Why Do I Have to Spend Five Years in College Instead of Four If I Want to Be a CPA?

As an aspiring certified public accountant (CPA), you will spend more time in college than your peers with other career aspirations. For various reasons, you should expect to be a college student for five years if you want to be a CPA. The extra time you spend studying will not only make you eligible to take the CPA examination, a necessary step for earning your CPA license, but also will allow you to broaden your accounting knowledge and skills.

The Rationale Behind 150 Semester Hours

The most obvious reason that aspiring CPAs need five years of study is because most states require candidates to have this 150 semester hours of college, and even the states that don’t currently have this requirement in place appear to be moving in the direction. To an inquisitive student, this requirement just raises another question. What’s the reasoning behind requiring five years instead of only four, just to take the exam? There are actually a few reasons for this, according to the American Institute of CPAs, but the primary reason is because four years is no longer enough time to cover all of the knowledge and skills a CPA will need to know in the ever-changing field of accounting.

What CPAs Need to Know

During the course of aspiring CPAs’ college careers, they will take coursework that builds and expands their technical accounting knowledge, provides general business skills and knowledge and helps them develop their communication and analytical skills. As matters like tax laws and regulations at federal, state and local levels become more complicated, CPAs need to know how to deal with these new and complex issues. The constant evolution of technological advances means that accounting students will need to learn more about auditing and information systems. As the field of accounting changes, so do the expectations of prospective employers, making these new and more advanced skills necessary even for accountants who are just beginning their careers. With all of the skills and knowledge today’s accounting students (and tomorrow’s CPAs) need to learn, the 150 semester hour requirement makes a lot of sense.

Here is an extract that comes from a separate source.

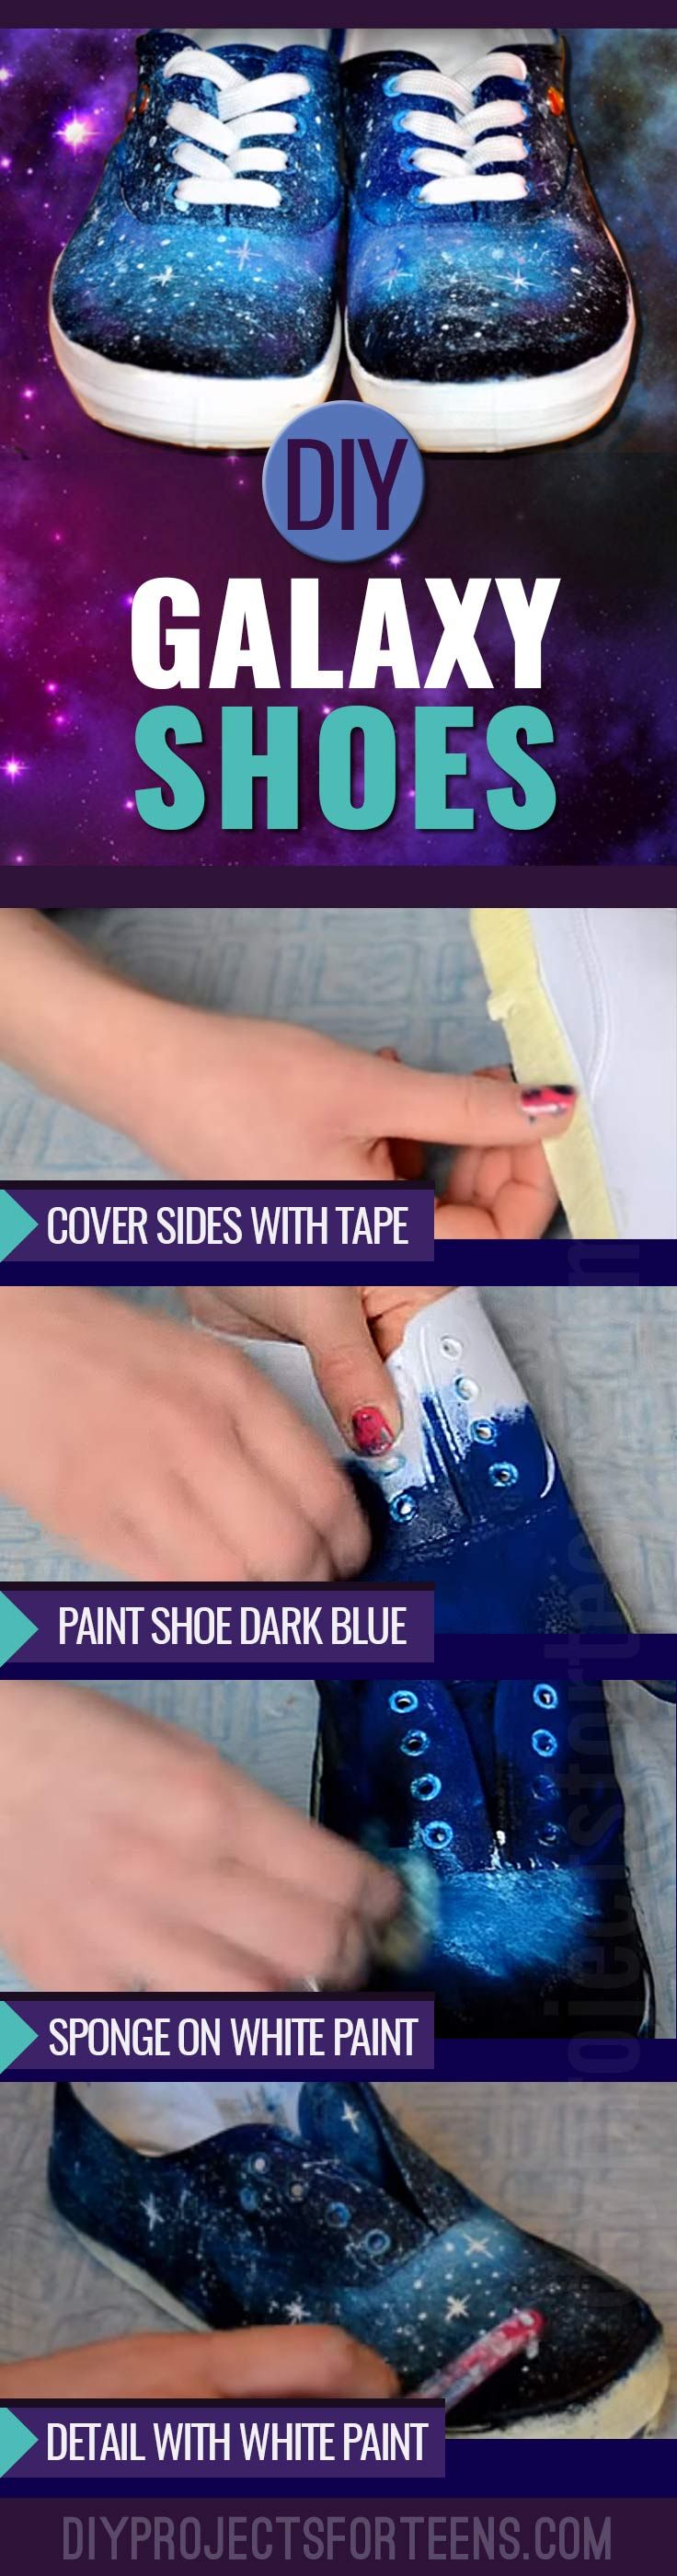 tie dye shoes instructions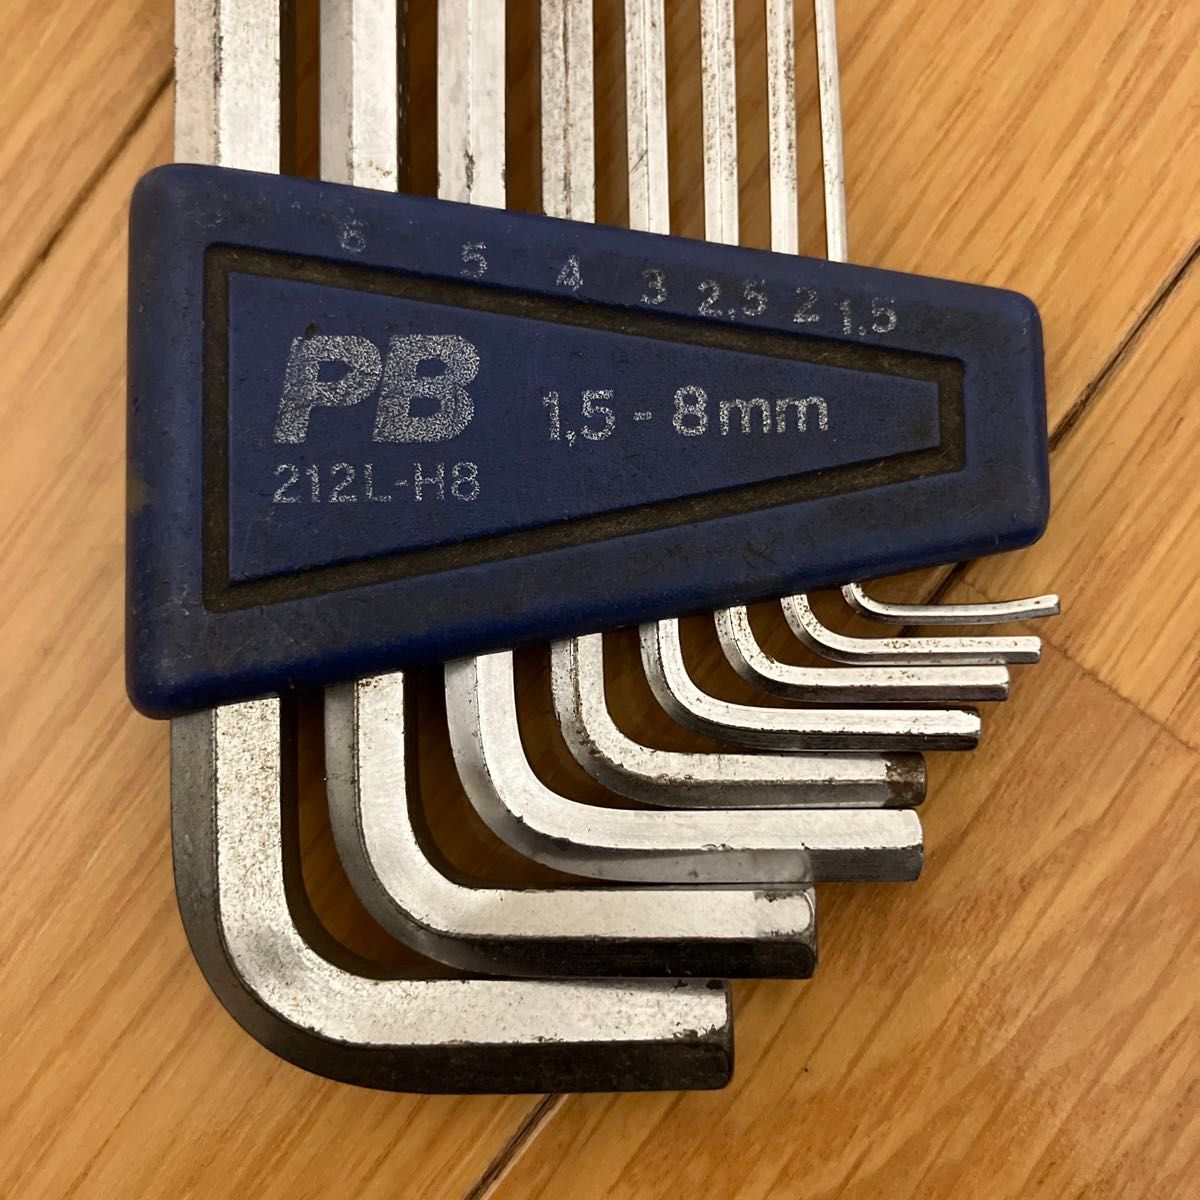 PB  六角レンチ　PB 212L-H8  1.5-8mm

For aspiring CPAs eager to get out into the real world and begin their accounting careers, a delay of an additional year can be frustrating, even if it is necessary. Consider the extra 30 semester hours to be an investment in your skills for the future, as well as an opportunity to build your résumé. You can make the most of your extra year of study by choosing an accelerated dual degree program that will allow you to earn a master’s degree in accounting, financial management or business administration as well as earning your bachelor’s degree. You can also take advantage of more extracurricular and internship opportunities during your college career. If used well, the extra year of study can do more than make you eligible to take the CPA exam.